22.5% of the population was under the age of 18, 6.8% from 18 to 24, 11.2% from 25 to 44, 34.0% from 45 to 64, and 25.4% who were 65 years of age or older. The median age was 51.5 years. For every 100 females, there were 93.9 males. For every 100 females ages 18 and older, there were 91.7 males.

The 2016–2020 5-year American Community Survey estimates show that the median household income was $153,750 (with a margin of error of +/- $41,805) and the median family income was $183,750 (+/- $56,623). Males had a median income of $121,250 (+/- $15,372) versus $58,750 (+/- $30,731) for females. The median income for those above 16 years old was $89,375 (+/- $27,059). Approximately, 2.4% of families and 3.4% of the population were below the poverty line, including 4.5% of those under the age of 18 and 2.8% of those ages 65 or over.

===2010 census===
As of the census of 2010, there were 906 people, 365 households, and 304 families living in the city. The population density was 642.6 PD/sqmi. There were 395 housing units at an average density of 280.1 /sqmi. The racial makeup of the city was 96.4% White, 0.6% African American, 0.7% Native American, 0.8% Asian, 0.8% from other races, and 0.9% from two or more races. Hispanic or Latino of any race were 1.8% of the population.

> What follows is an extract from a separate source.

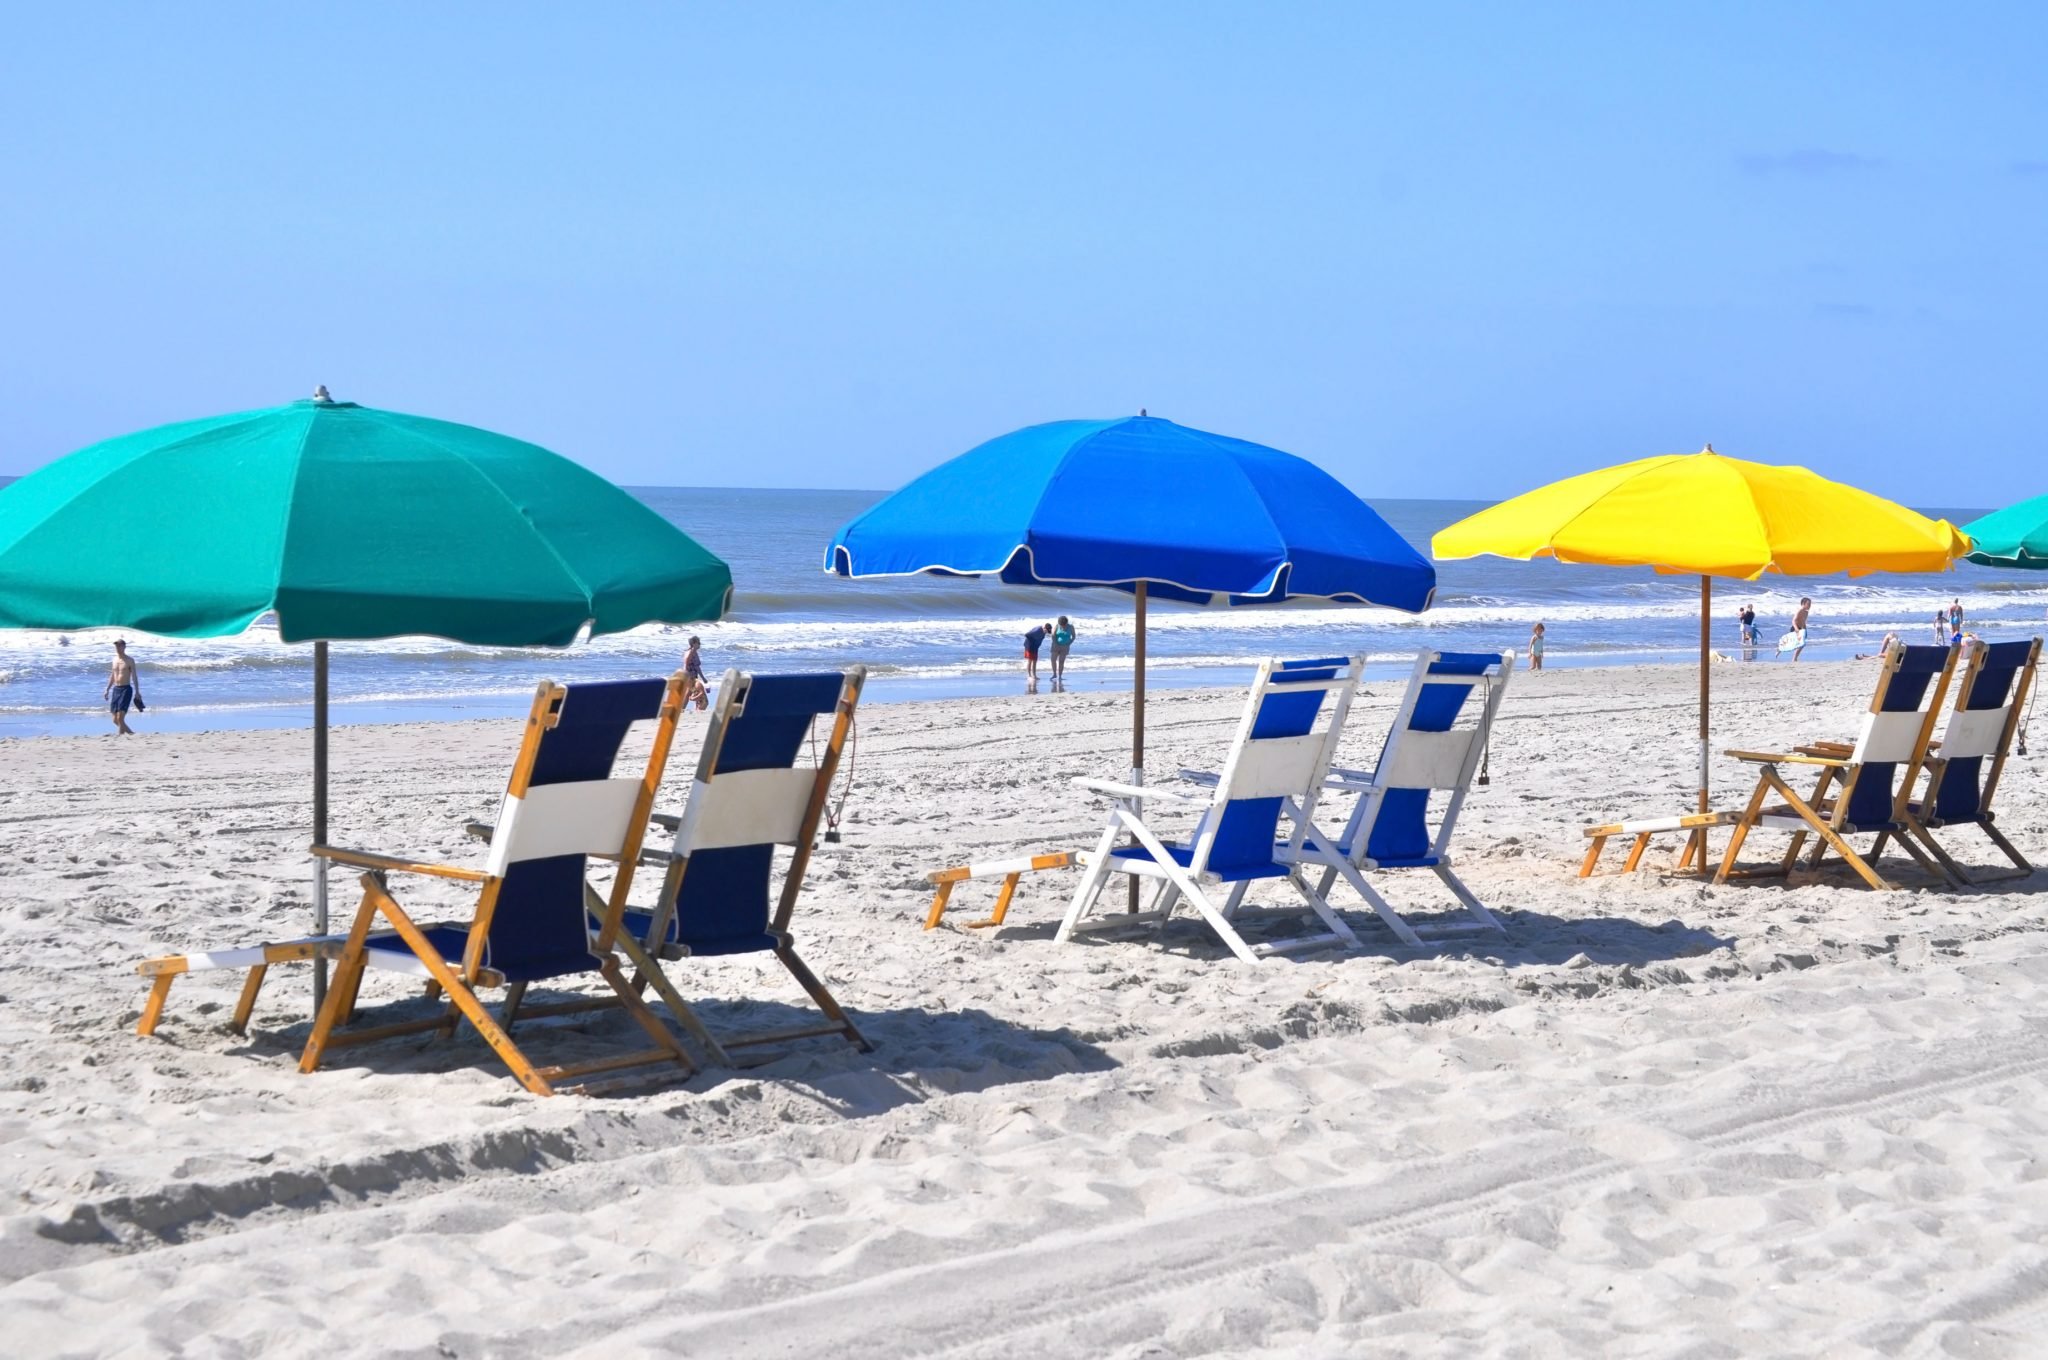 Beach chairs with Umbrellas on beach.

There were 365 households, of which 27.4% had children under the age of 18 living with them, 80.5% were married couples living together, 1.9% had a female householder with no husband present, 0.8% had a male householder with no wife present, and 16.7% were non-families. 13.4% of all households were made up of individuals, and 7.9% had someone living alone who was 65 years of age or older. The average household size was 2.48 and the average family size was 2.73.

The median age in the city was 52.9 years. 21.3% of residents were under the age of 18; 3.2% were between the ages of 18 and 24; 11.8% were from 25 to 44; 37.7% were from 45 to 64; and 26.2% were 65 years of age or older. The gender makeup of the city was 51.4% male and 48.6% female.